Pre-nups and marriage: the future of shared finances

This is a super controversial topic, I know. But I plan to marry only with a solid pre-nup in place. I always knew I would marry with a pre-nup, since I was in my early twenties and my parents told me how much money they had then. My mom tried to tell me again recently and I told her I don’t need to know as it’s their money for them to spend in their lifetimes – I don’t need it. I definitely knew I would marry with a pre-nup when I was a 23 year old buying a condo with a 20% down payment and cash reserves leftover while still maxing out her 401(k). Hot stuff that sure intimated guys! My boyfriend, on the other hand, seems to find it attractive that I am wildly independent and know my way around Vanguard. I still remember his calm response when I first told him how much money I had saved, which was back when my net worth was in the high $300k range.

My boyfriend and I have started discussing what our pre-nup will look like, slowly, what our finances will look like in the future, how we will handle this appreciating like wild fire (too soon?) condo that I own right now as my separate property. A hot anniversary dinner topic, I know.

He was flabbergasted when I told him of how many people on the financial internet are so strongly in the one pot finances camp that they belittle people for ever separating their money or having a pre-nup. With the slow pace we are taking to the altar, by the time we get married, we could very well have a solid $2M net worth minimum combined. That’s a pretty huge difference from people who meet in college, with no money, have $50k/year jobs and get married in their mid-to-late-twenties. We are two financially stable, high income adults, a far cry from the people we were in college when we met.

Pre-nups aren’t just for people from old money. They’re for people who think strategically about how they will grow their wealth as a couple, while financially protecting both parties. For example, I picture using a pre-nup to re-title assets so that we could own this condo together without a mortgage or selling off any assets. Or we could use a pre-nup to re-title our separately lopsided, but balanced combined investment portfolios where one of us has 80% of their portfolio in taxable accounts and the other has 80% of their portfolio in tax-advantaged accounts, though both are completely indexed with maxed out 401(k)s, Backdoor Roth IRAs, and happy Vanguard accounts.

Right now, we track some shared spending in a spreadsheet. By we, I mean, I enter the data in the spreadsheet and update him every few months, usually to confirm that our system is working as expected and we’re splitting expenses just fine with our lackadaisical he pays for some items, I pay for others, and we split some 50/50 approach.

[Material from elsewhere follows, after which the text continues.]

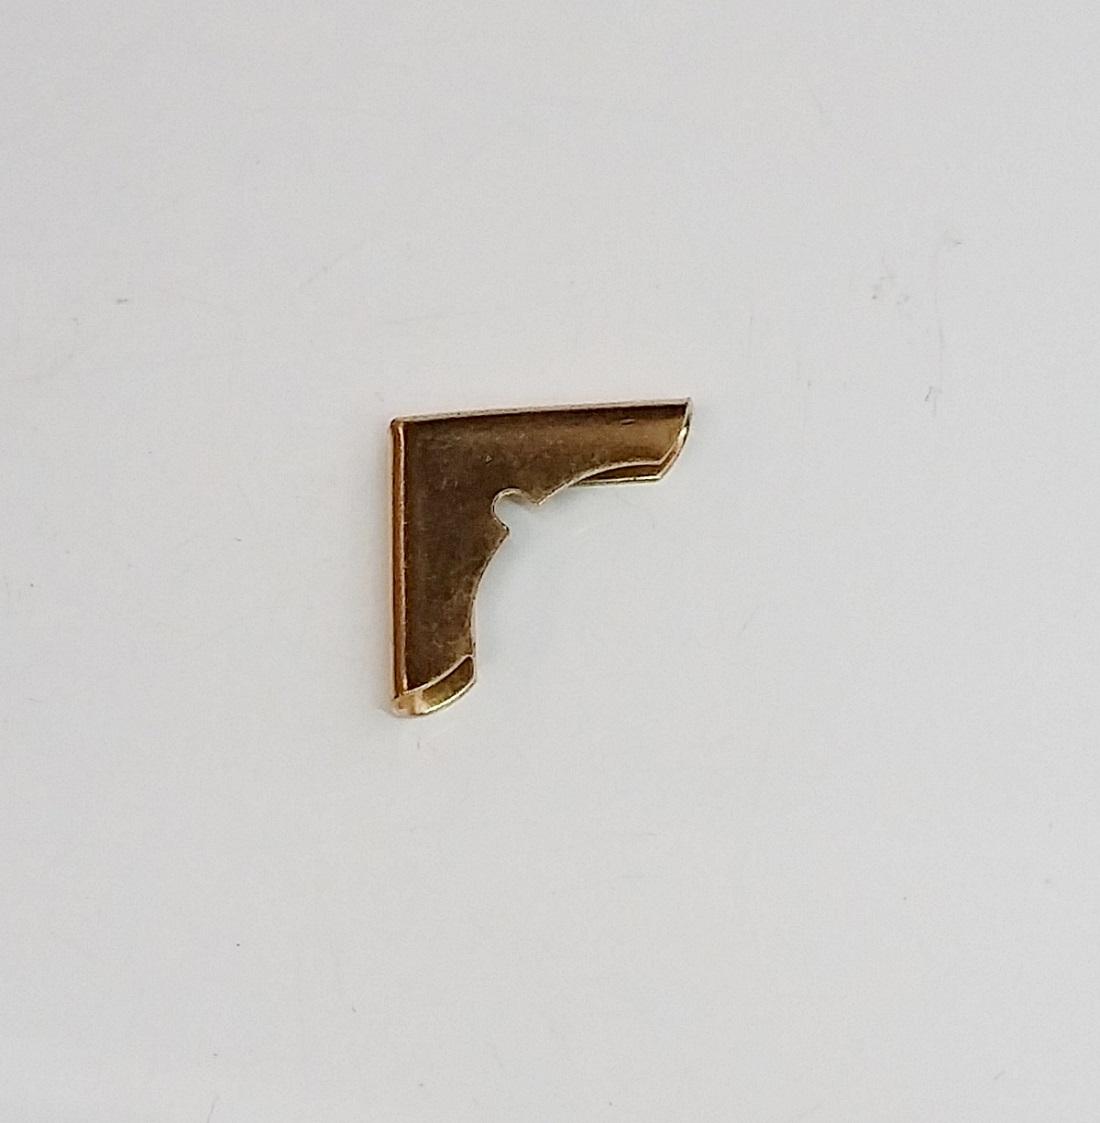 Cantoneira 18mm x 18mm Latonada

I tried to suggest to him that we make a game in 2015 of which one of us could save more money. When he remembers, he kicks himself for not agreeing to this game because it turned out that I took two months off unpaid and he had a record income year, so he totally would have won.

No, we’re not engaged. But we envision a future together, building wealth together. A mortgage-free life with index funds and maxed out 401(k)s. Financial security is sexy and don’t let anyone tell you otherwise.